**Exercise directions:**
Your copy of the data should match it exactly, leaving out only the pictures.

:: Data shown

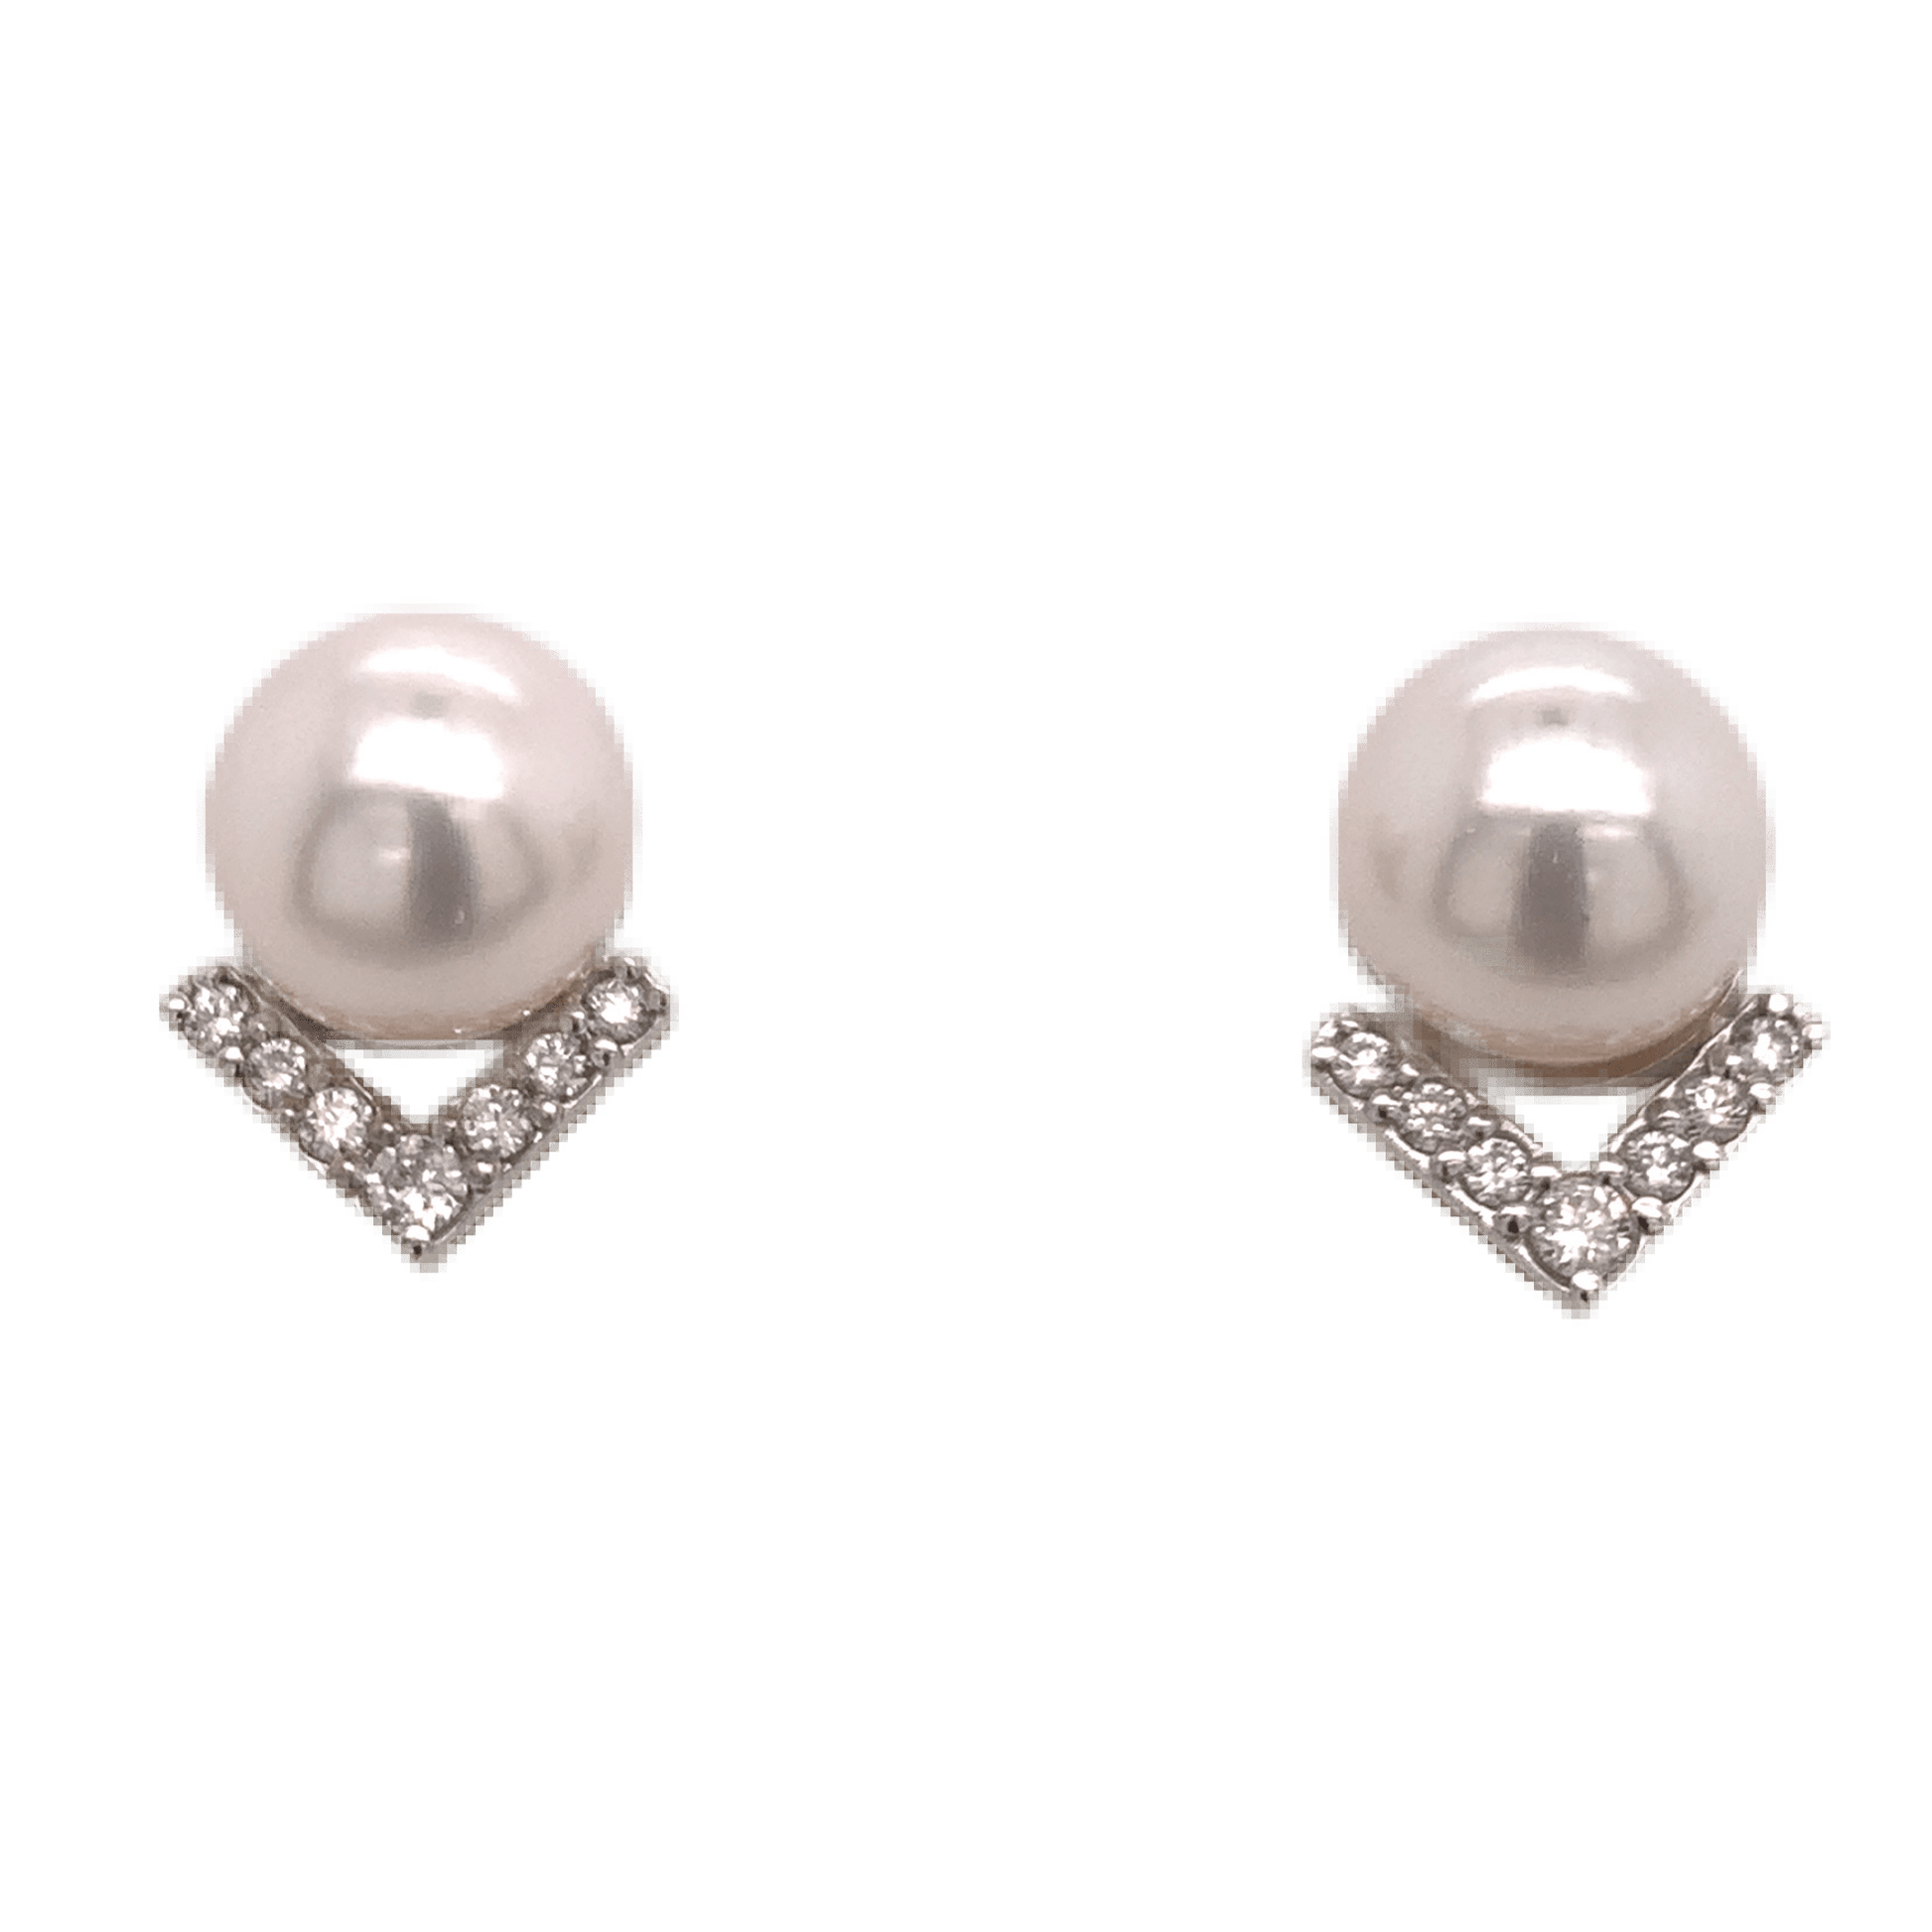 Akoya Pearl Diamond Earrings 14k Gold 9.5 mm 0.45 CTW Certified $3,975 111899 - Certified Estate Jewelry
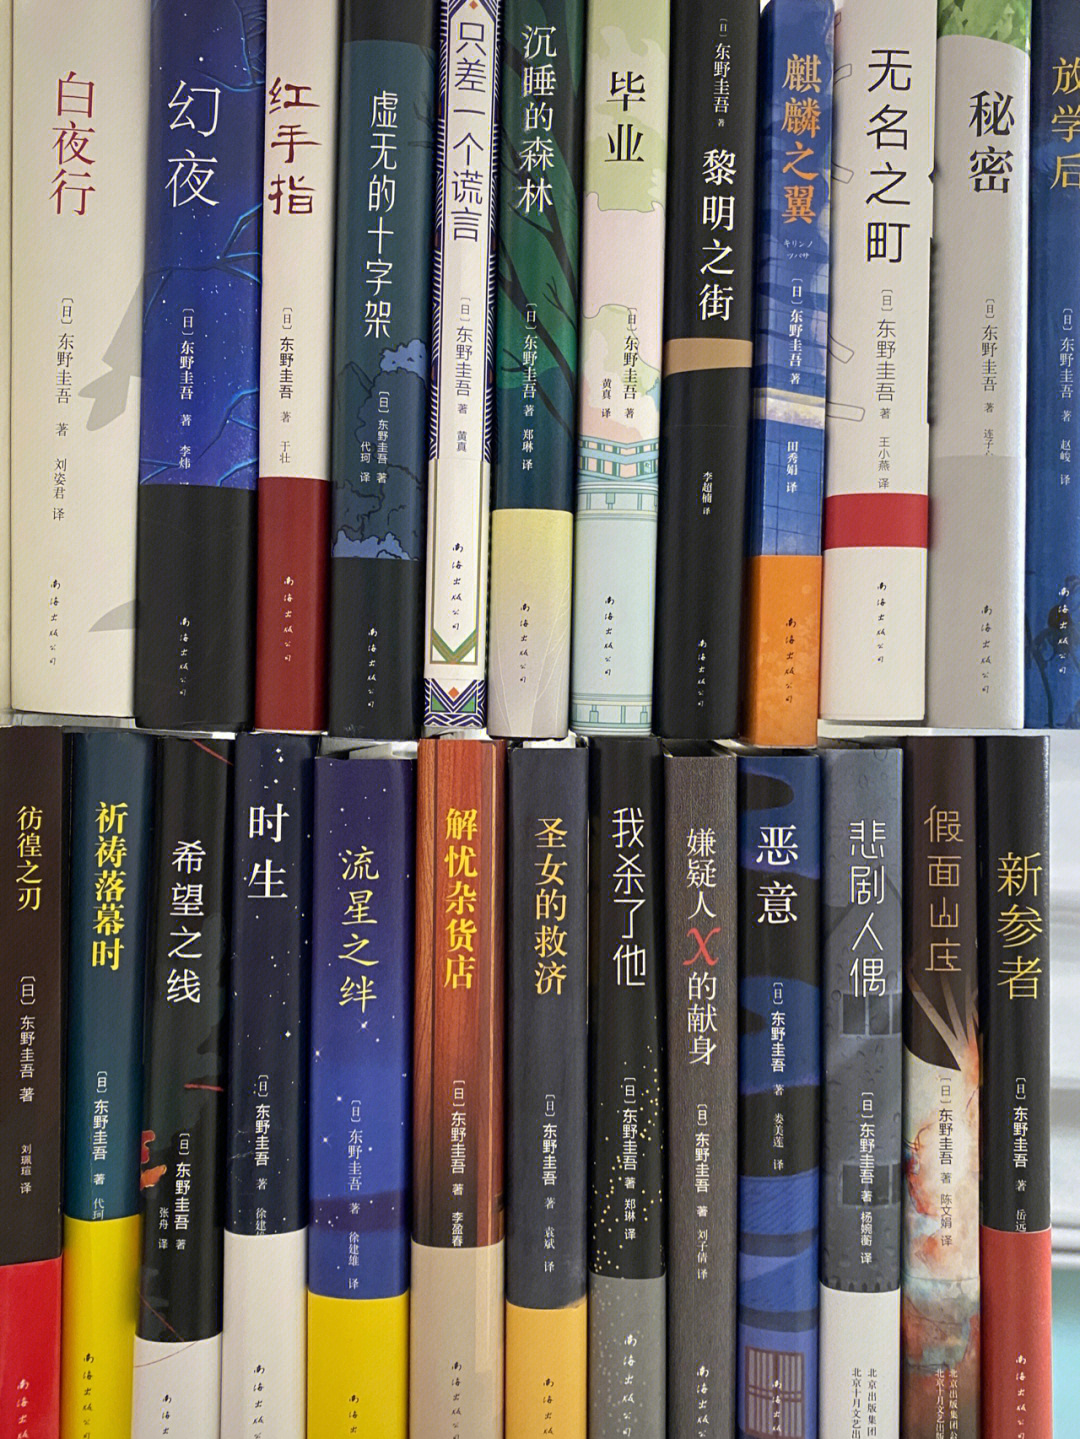 东野圭吾这26本书你最喜欢哪本
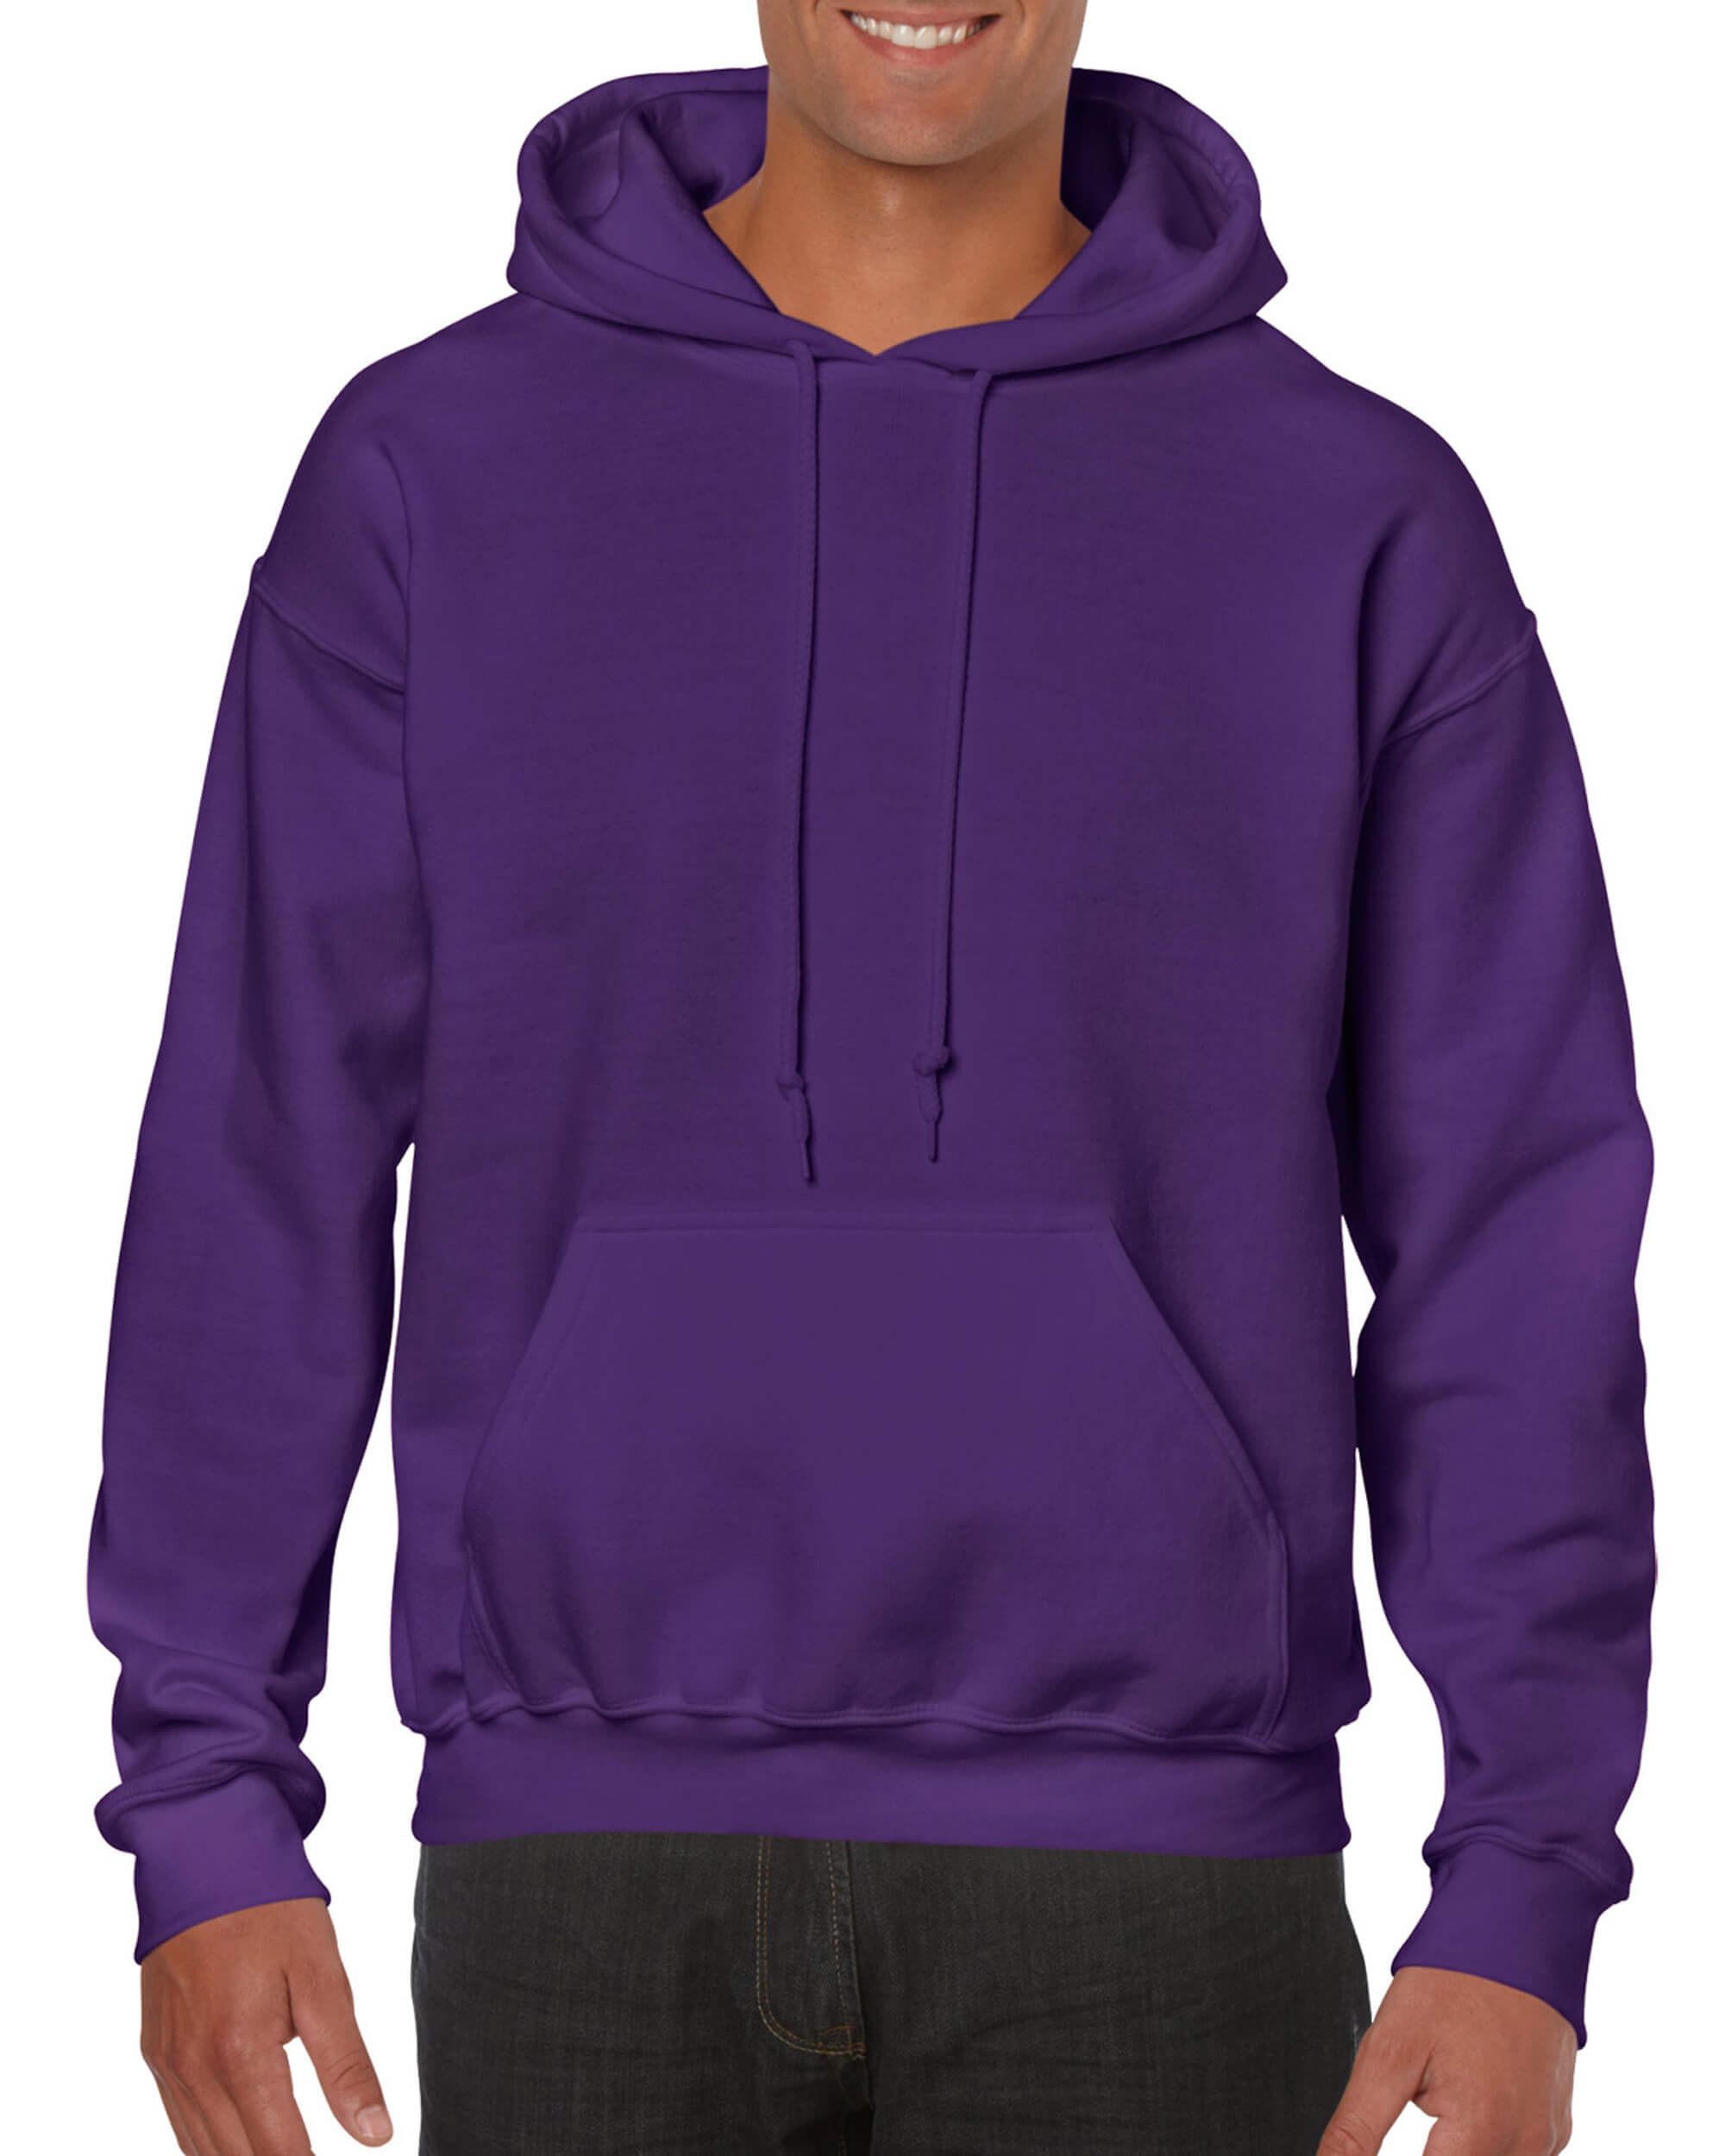 Pullover Hoodie - Purple

::::

**Solved exercise:**
 Akoya Pearl Diamond Earrings 14k Gold 9.5 mm 0.45 CTW Certified $3,975 111899 - Certified Estate Jewelry
 东野圭吾这26本书你最喜欢哪本
 Pullover Hoodie - Purple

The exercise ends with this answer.